Plutarch. Plutarch's Lives, Vol. III. Perrin, Bernadotte, translator. Cambridge, MA: Harvard University Press; London: William Heinemann Ltd., 1914.

But Nicias did not want a sea fight. He said it would be great folly, when so large an armament was sailing to their aid and hurrying up fresh troops under Demosthenes, to fight the issue out with inferior forces, and those wretchedly supplied. Menander and Euthydemus, however, who had just been appointed to their offices, were moved by an ambitious rivalry with both the other generals; they longed to anticipate Demosthenes in some brilliant exploit, and to eclipse Nicias.

They therefore made much of their city’s reputation. This, they declared again and again, would be altogether ruined and dissipated if they should show fear when the Syracusans sailed out to attack them; and so they forced a decision to give battle by sea. But they were simply out-maneuvered by Ariston, the Corinthian captain, in the matter of the noon-day meal, as Thucydides relates,[*](Thuc. 7.36-41. The Syracusan crews took their meal close by their ships, and then suddenly re-embarked and attacked the Athenians, who supposed there would be no more fighting that day, and were taken unawares.) and then worsted in action, with the loss of many men. And so a great despair encompassed Nicias; he had met with disaster while in sole command, and was now again brought to grief by his colleagues.

But at this juncture Demosthenes hove in sight off the harbors,[*](About mid-summer, 413 B.C.) most resplendent in his array, and most terrifying to the enemy. He brought five thousand hoplites on seventy-three ships of war, besides javelineers and archers and slingers to no less a number than three thousand. What with the gleam of his arms and the insignia of his triremes and the multitude of his coxwains and pipers, he made a spectacular display, and one which smote the enemy with dismay.

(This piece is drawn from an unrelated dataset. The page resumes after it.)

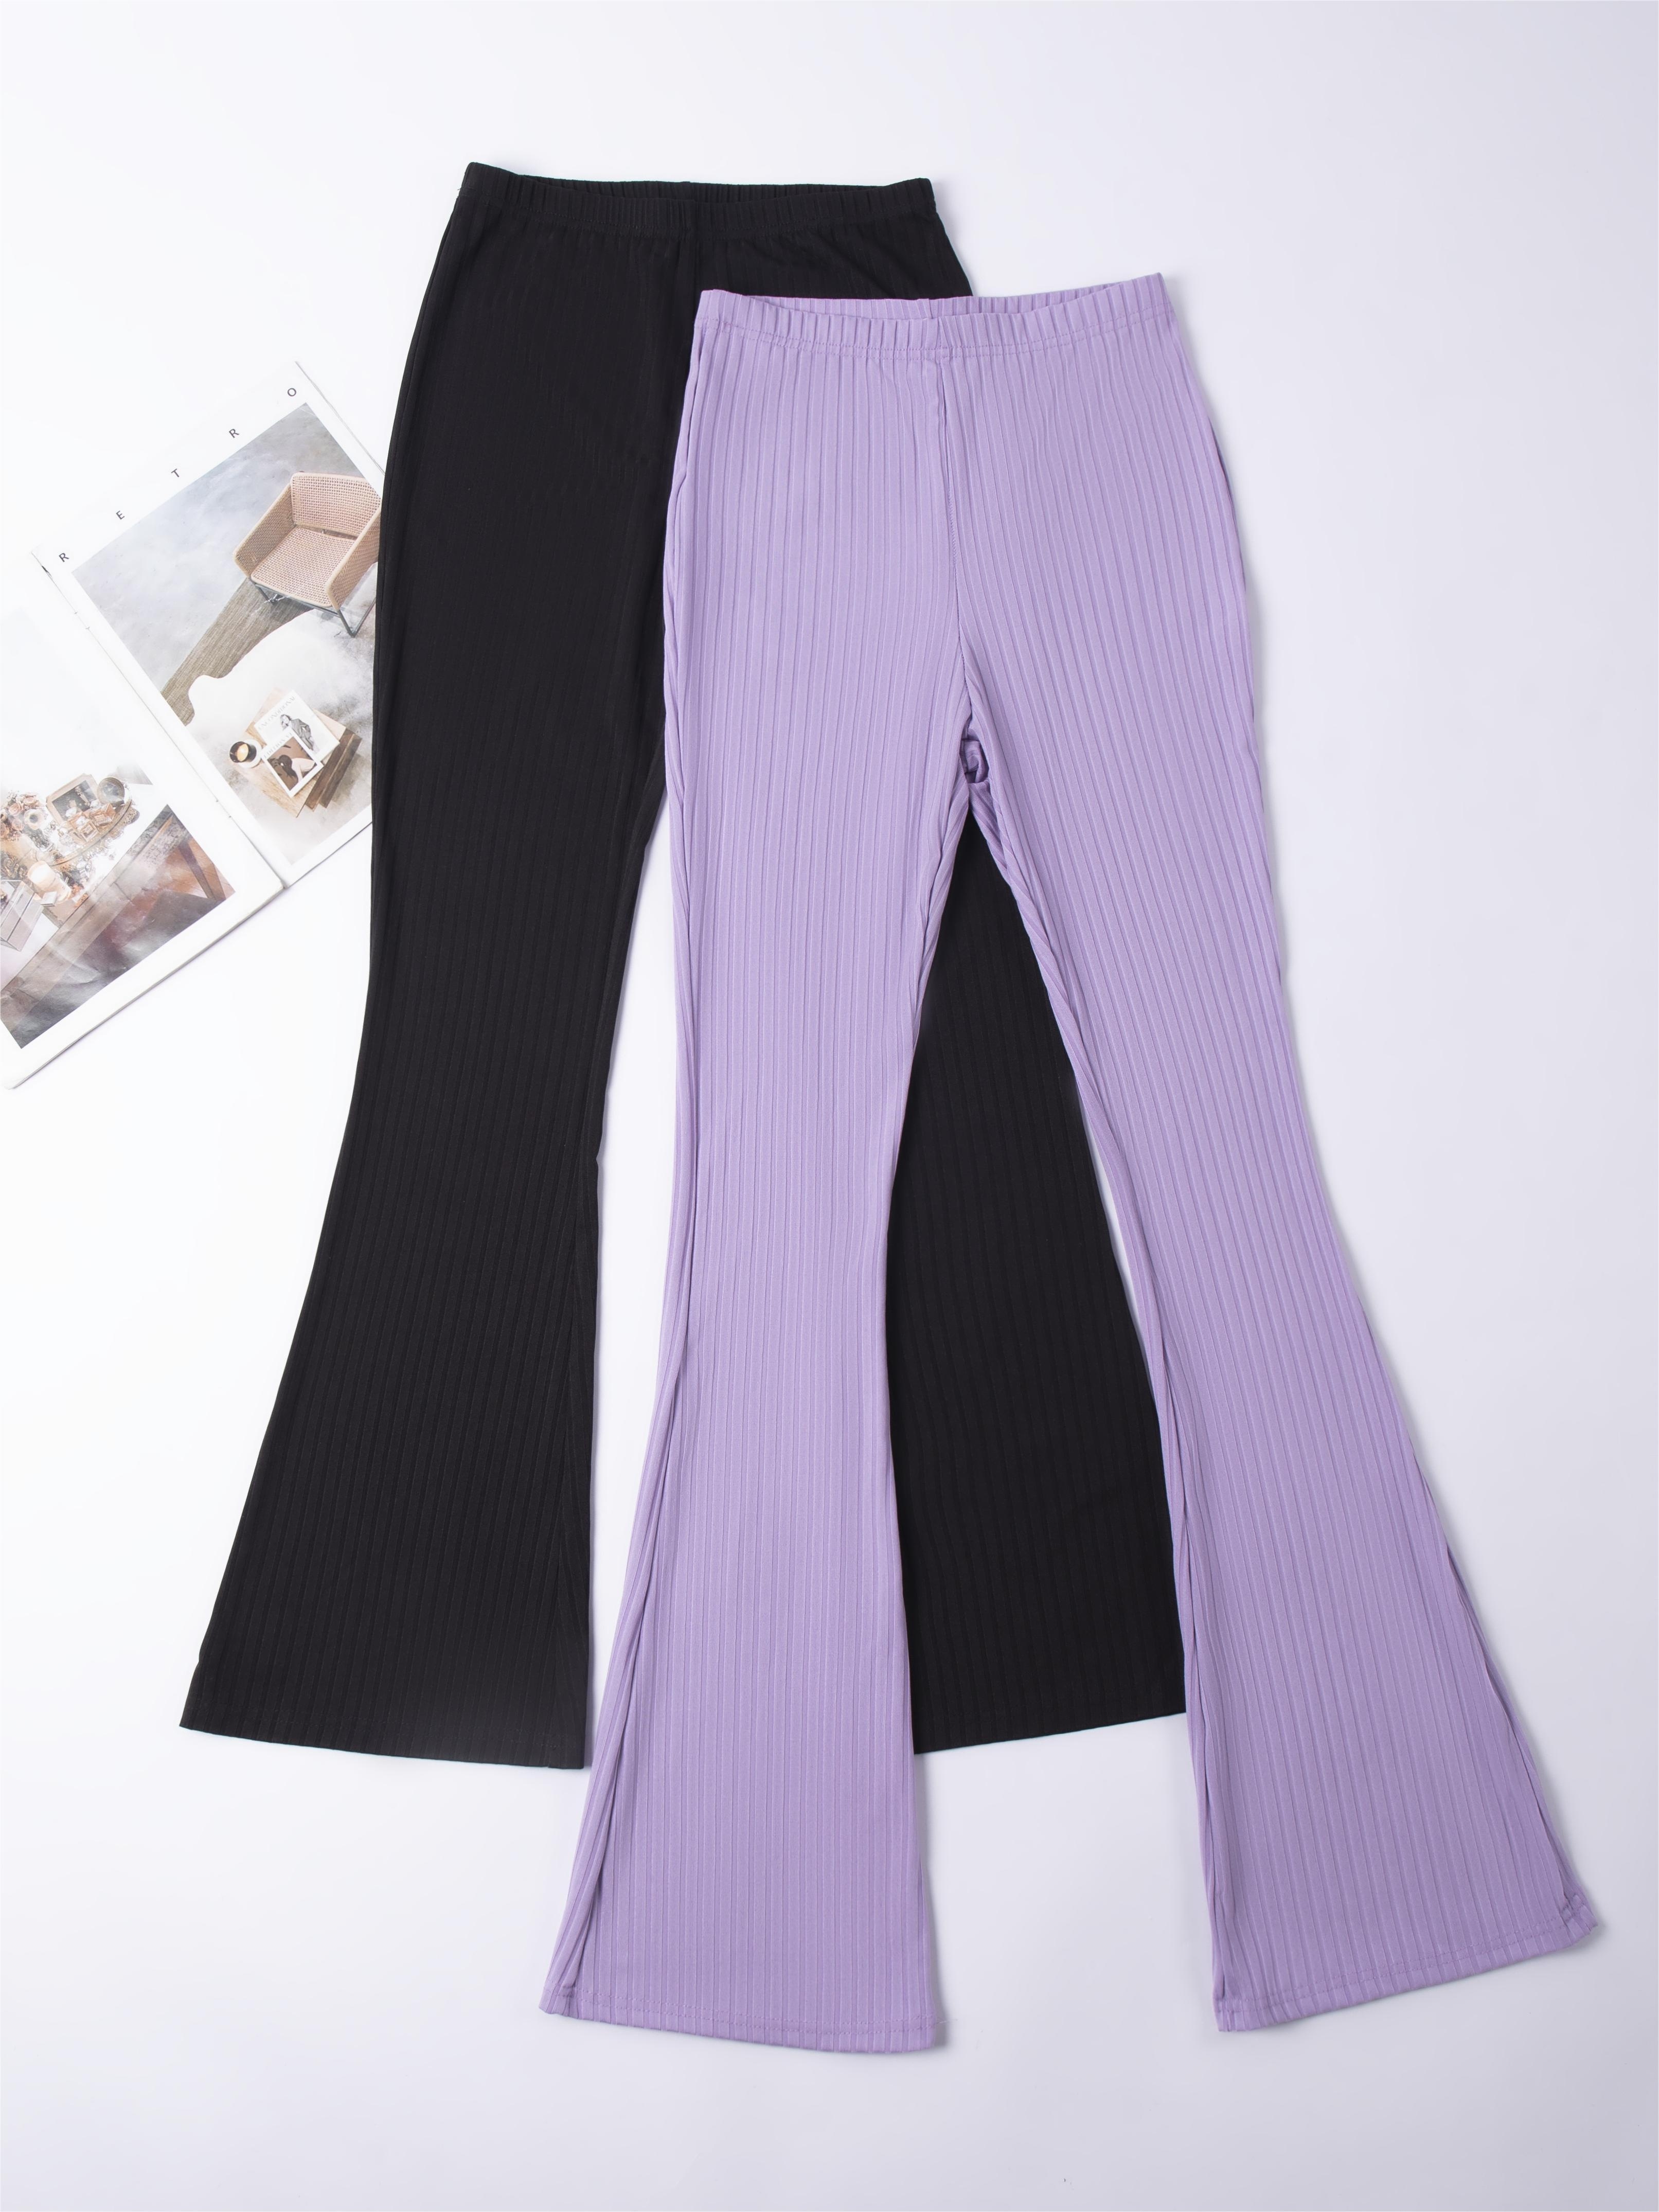 Solid Loose Rib Knit Pants, Casual Elastic High Waist Comfy Pants, Women's  Clothing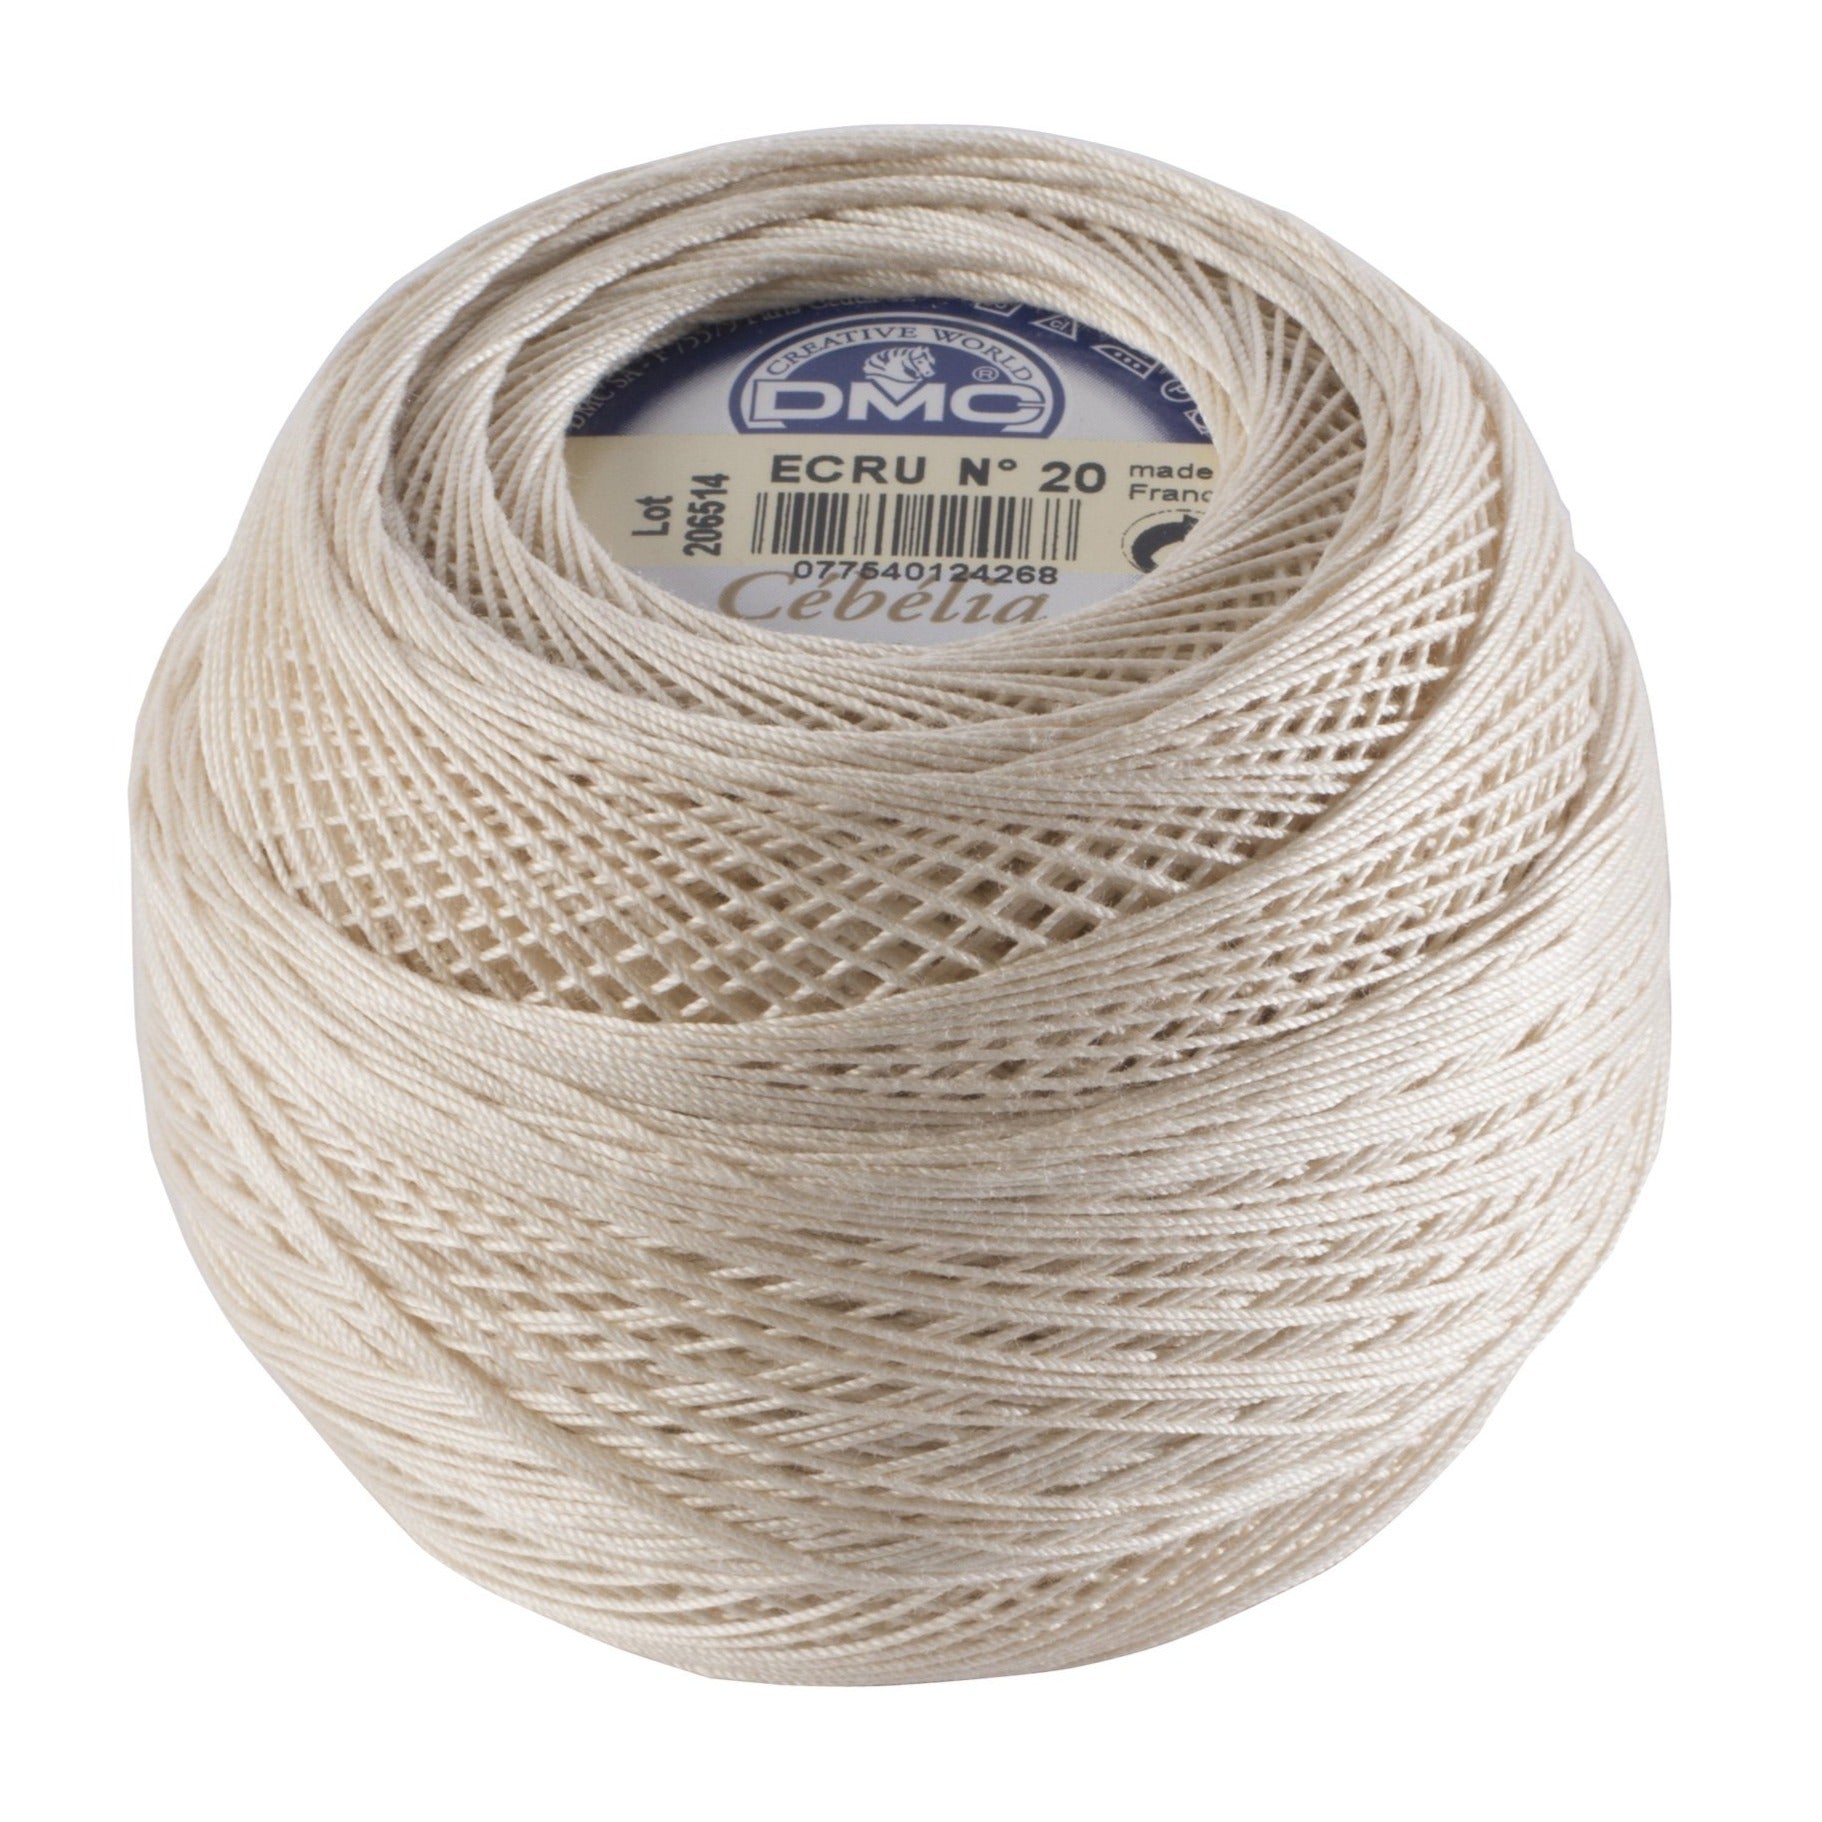 Cebelia Crochet Cotton 10

Again, then, as was natural, fear reigned among the Syracusans. They saw before them no final release from their perils, but only useless toils and vain self-destruction.

But the joy of Nicias at the presence of this fresh force was not long lived. Nay, at the very first council of war, when Demosthenes urged an immediate attack upon the enemy, a settlement of the whole struggle by the speediest hazard, and either the capture of Syracuse or else a return home, he was in fearful amaze at such aggressive daring, and begged that nothing be done rashly or foolishly.

Delay, he said, was sure to work against the enemy; they no longer had money to spend, and their allies would no longer stand by them; let them only be really distressed by the straits they were in, and they would soon come to him again for terms, as they had done before. For not a few of the men of Syracuse were in secret communication with Nicias. They urged him to bide his time, on the ground that even now they were worn out by the war and weary of Gylippus, and that if their necessities should but increase a little, they would give over altogether.